━━ Source material
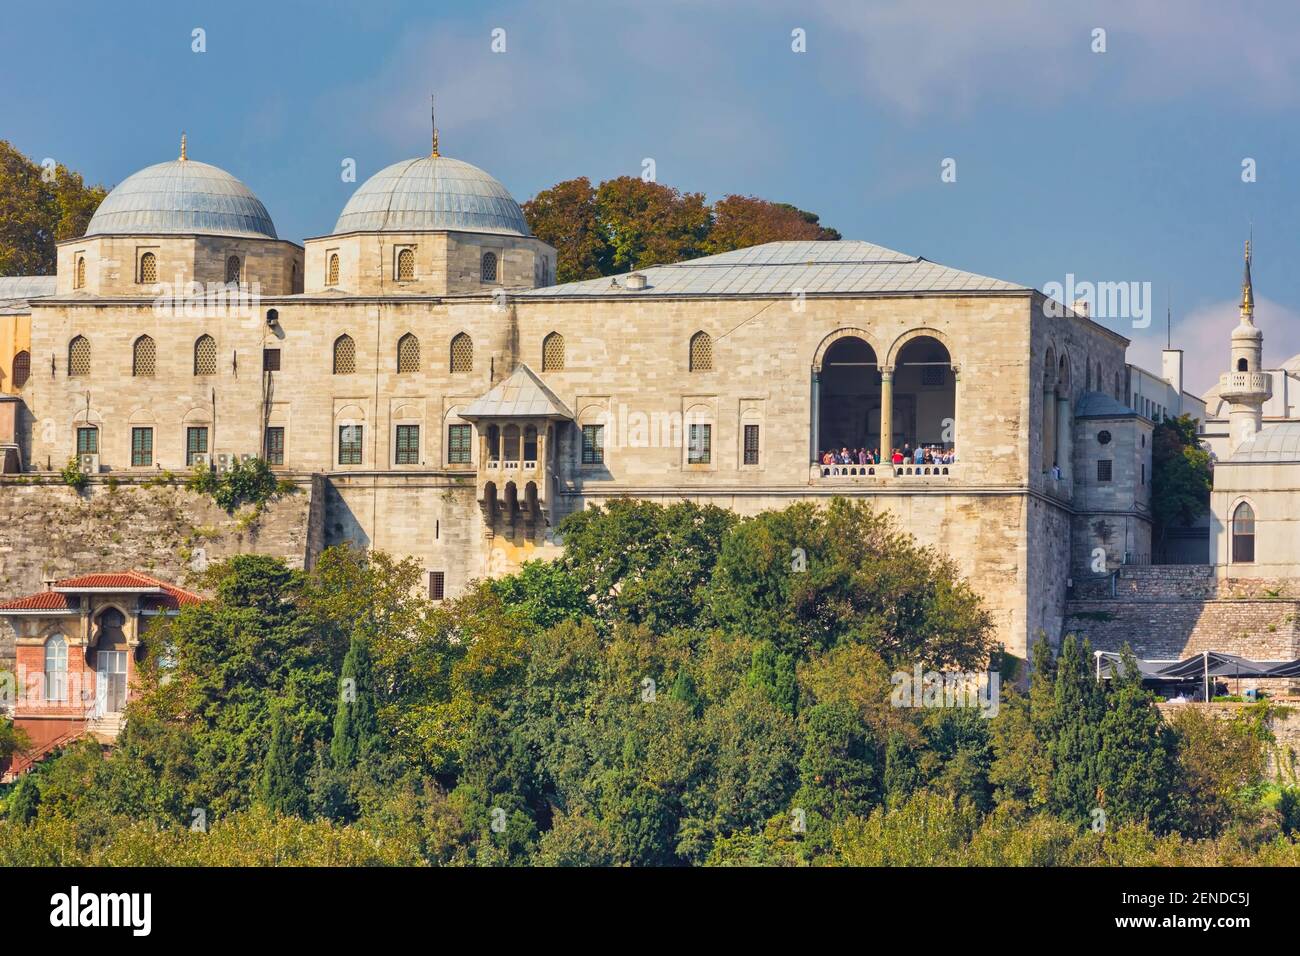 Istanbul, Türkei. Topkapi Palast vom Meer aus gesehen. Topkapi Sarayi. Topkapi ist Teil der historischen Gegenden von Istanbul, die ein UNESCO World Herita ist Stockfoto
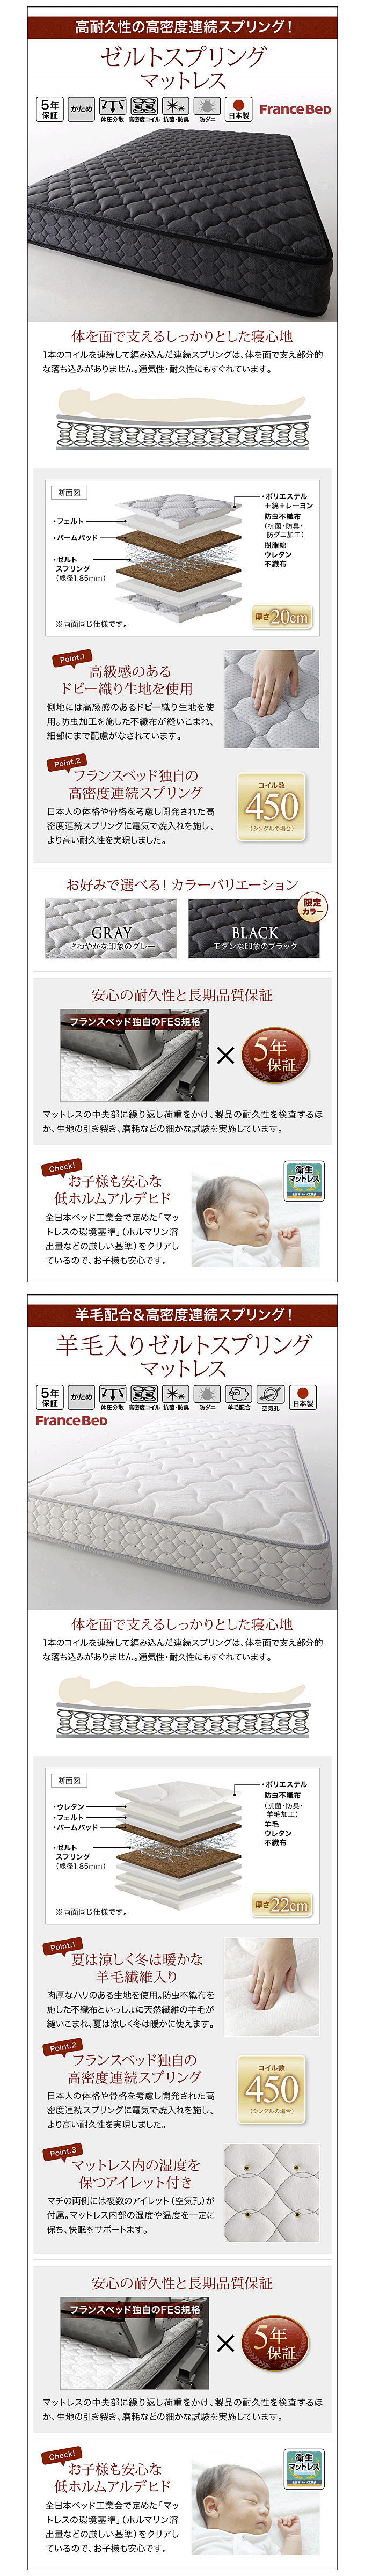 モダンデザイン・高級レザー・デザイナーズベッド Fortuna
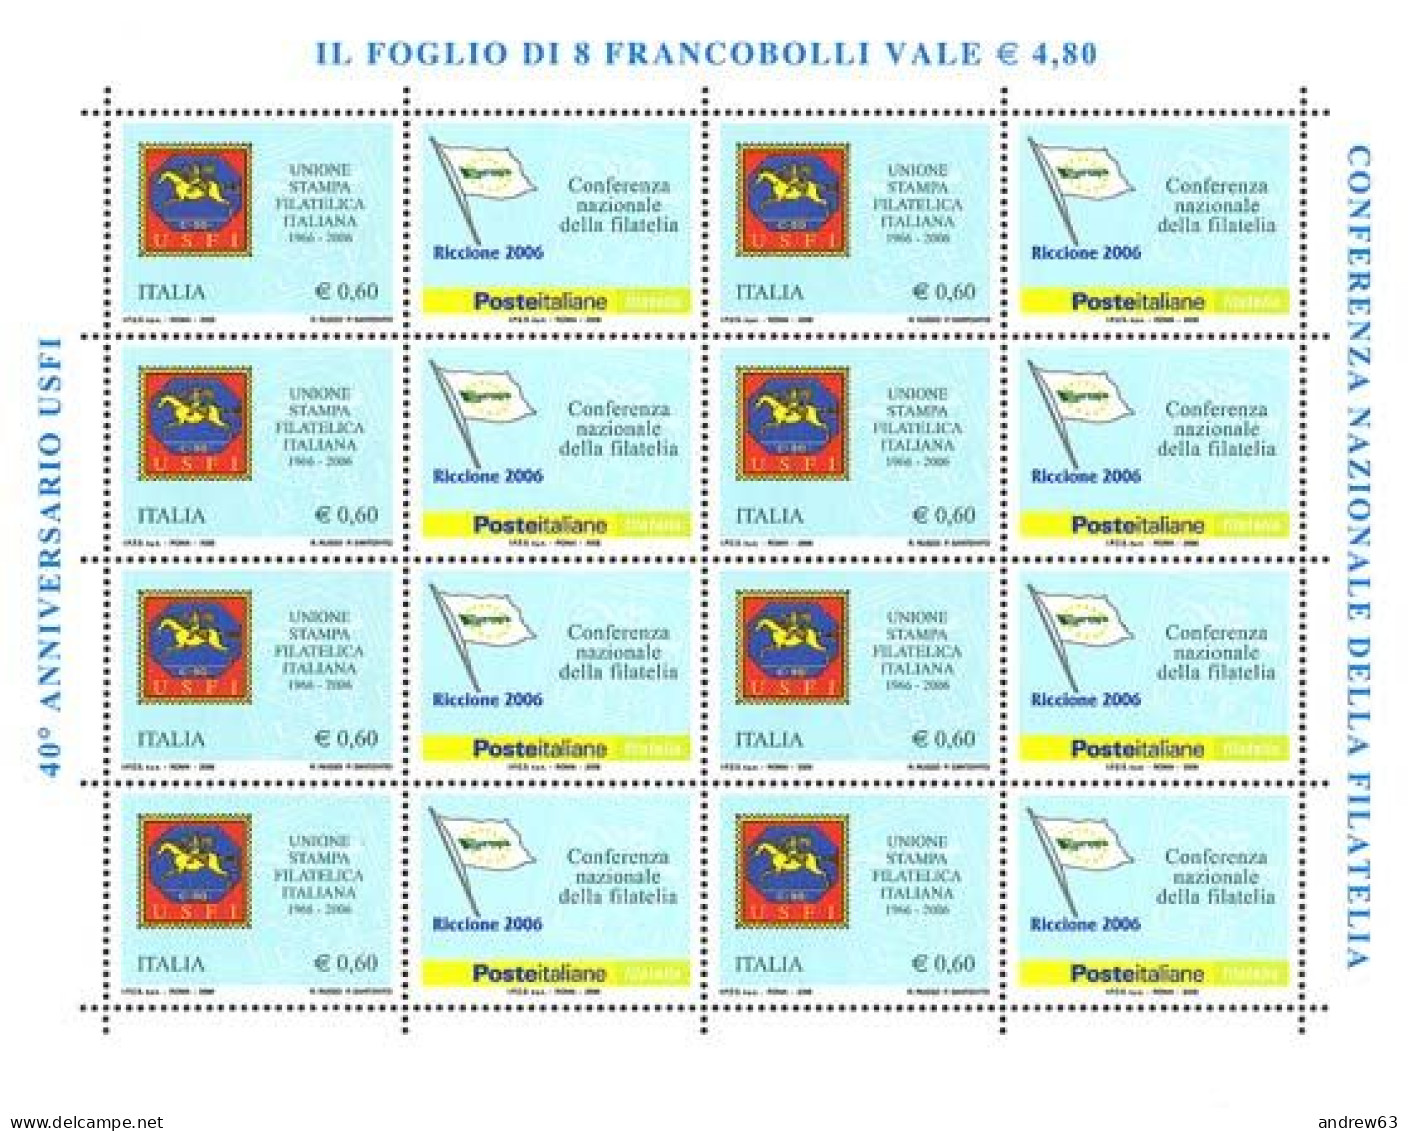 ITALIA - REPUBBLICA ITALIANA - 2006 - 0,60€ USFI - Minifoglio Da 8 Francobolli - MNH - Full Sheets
━━━━
_Task instructions_
Copy out exactly the lines from the one with "モダンデザイン・高級レザー・デザイナーズベッド Fortuna" through the end of the listing, both ends included, omitting any picture.

_Response to this task_
 モダンデザイン・高級レザー・デザイナーズベッド Fortuna
 ITALIA - REPUBBLICA ITALIANA - 2006 - 0,60€ USFI - Minifoglio Da 8 Francobolli - MNH - Full Sheets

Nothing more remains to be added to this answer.